Adult: 600 mg base then 300 mg base at H6, D2, D3, D4 and D5 (= 2.1 g)
Child:10 mg base/kg then 5 mg base/kg at H6, D2, D3, D4 and D5 (= 35 mg base/kg)
Adult: 500 mg base/ d x 5 days (= 2.5 g)
Child: 10 mg base/kg/d x 5 days (= 50 mg base/kg)

· In resistant zones
either mefloquine: the protocol is the same as for protected subjects except for adults > 60 kg who must take 750 mg, 500 mg, 250 mg at 8 hourly intervals (= 3 tab, 2 tab, 1 tab).
or halofantrine: the same protocol as for protected subjects.

· Pregnant women

- In sensitive zones: chloroquine
- In resistant zones: quinine (follower by mefloquine if this fails)

- Vivax, Malariae or Ovale infections chloroquine



- Reserved for expatriates, and depending on the national protocol, for pregnant women.

- Depends on the region to which they are going: see the maps which follow.

- Depends on the length of stay, the season (transmission or not), the presence or absence of resistant Falciparum.
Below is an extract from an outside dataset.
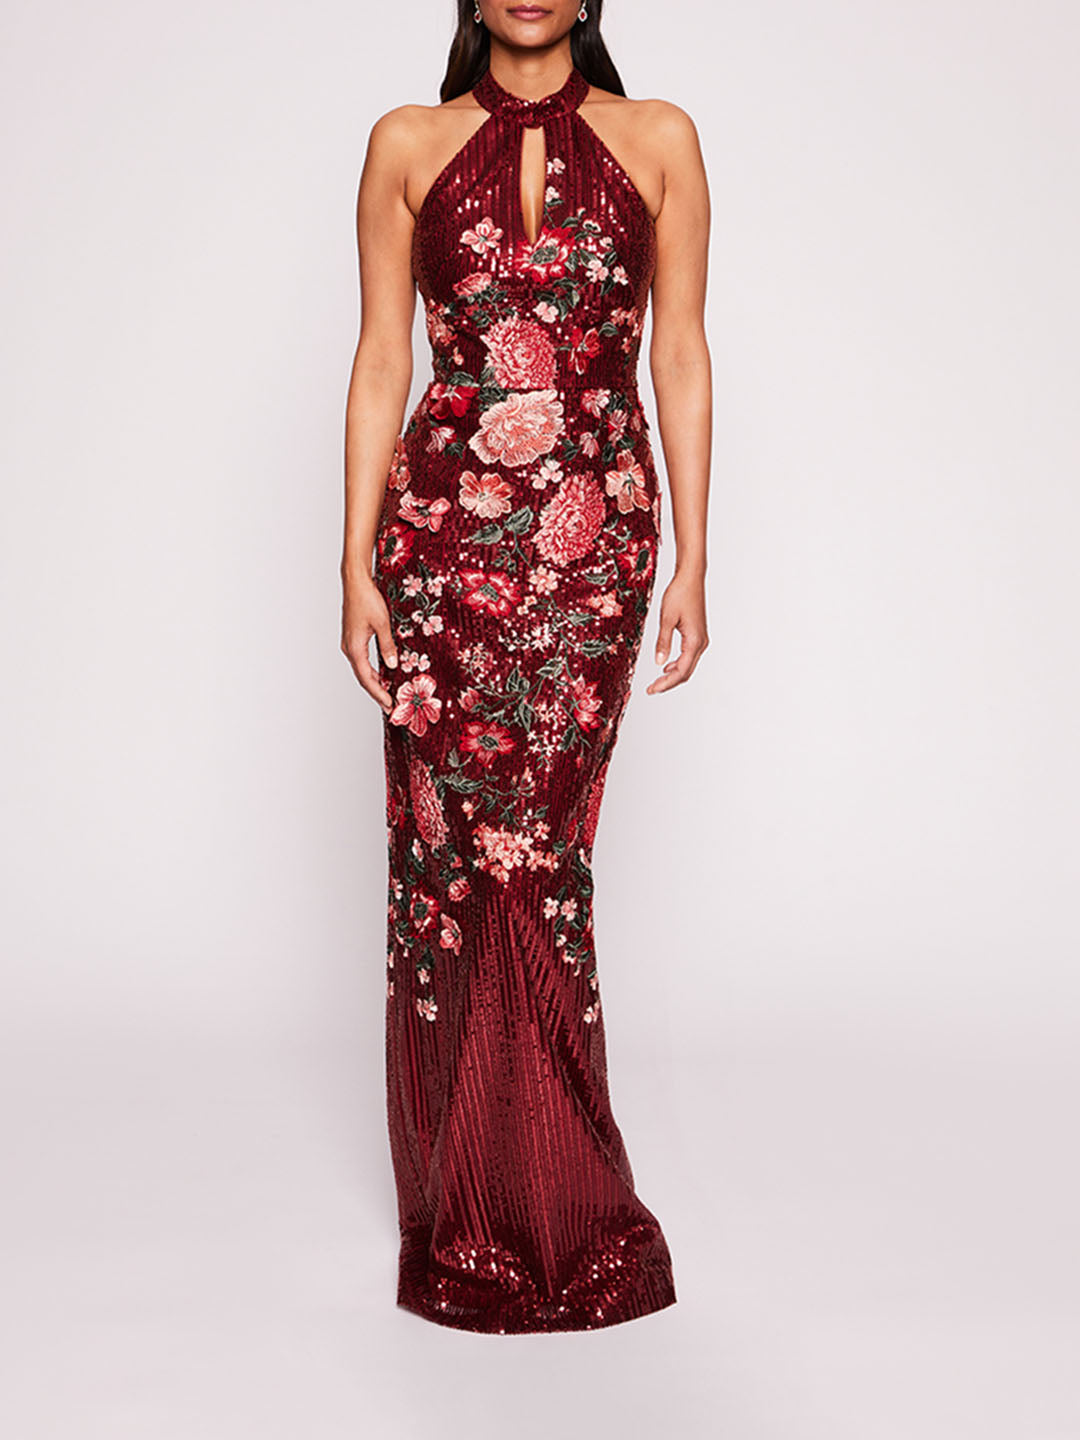 $4995 NEW Marchesa Off the Shoulder Appliquéd Velvet Gown Burgundy Dress 4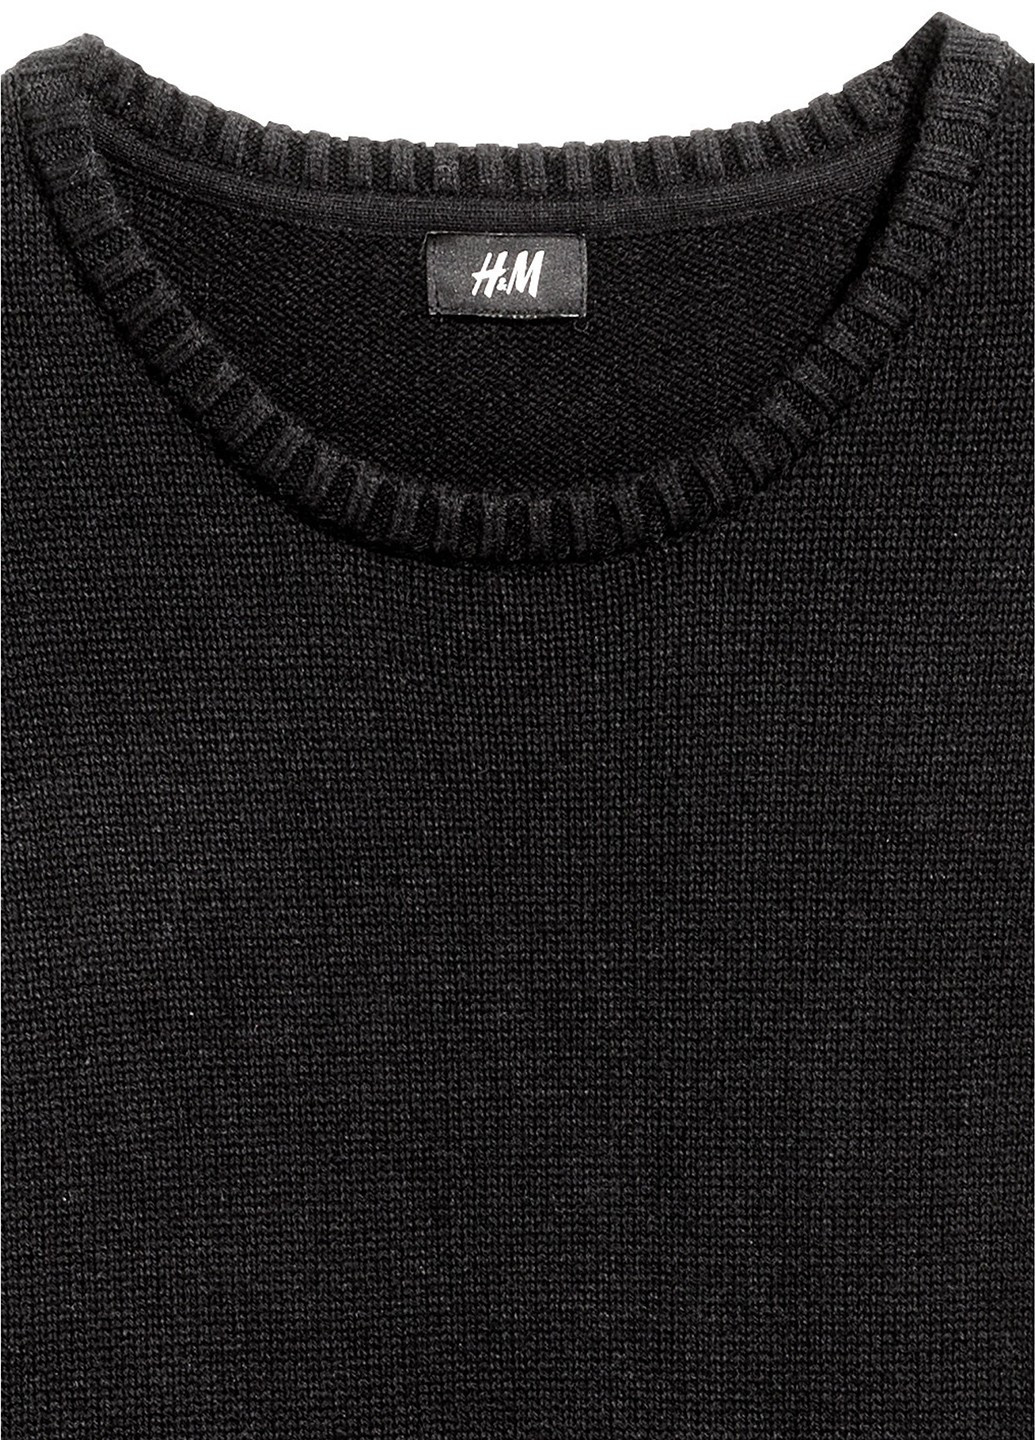 Черный зимний джемпер джемпер H&M

- Protection against anopheles:
These measures must assume increasing importance:

· mosquito sprays impregnated with pyrethrinoid (permethrine or deltamethrine),

· long sleeves, long trousers and dark clothing at night,

· repellents,

· slow combustion anti mosquito coils.

- Information regarding prevention.

- Chemoprophylaxis: does not prevent infection with malaria but may avoid a serious attack. Commence the eve or day of departure and always continue for 6 weeks after return.

· In zone I
chloroquine: 100 mg base/day, 6 days each week, or 300 mg in a single dose each week.

· In zone II
chloroquine: 100 mg base/day, 6 days each week, in association with Proguanil 200 mg/day (in 1 or 2 doses).

· In zone III
Several possibilities depending on the situation. There is no 100 % efficacious drug. nor any without side-effects.

either take mefloquine 250 mg (1 tab) 1 time/week only during the transmission season, or throughout the entire stay if this does not exceed 12 weeks; or where the stay does not exceed 1 month, take doxycyclin 100 mg (= 1 tab) each day, every day;

or take nothing, but carry at all times an effective treatment (mefloquine, halofantrine, quinine) to be taken if any symptoms suggestive of malaria appear.

Check with microscopic examination of the blood any time this is possible.

- Chemoprophylaxis incorrectly taken means lack of protections.

- Prophylaxis with sulphadoxine-pyrimethamine must be abandoned.


It is necessary to carry further the battle against the anopheles mosquito, since mass chemoprophylaxis is no longer recommended (development of resistance, slowing or suppression of protection), except in pregnant women.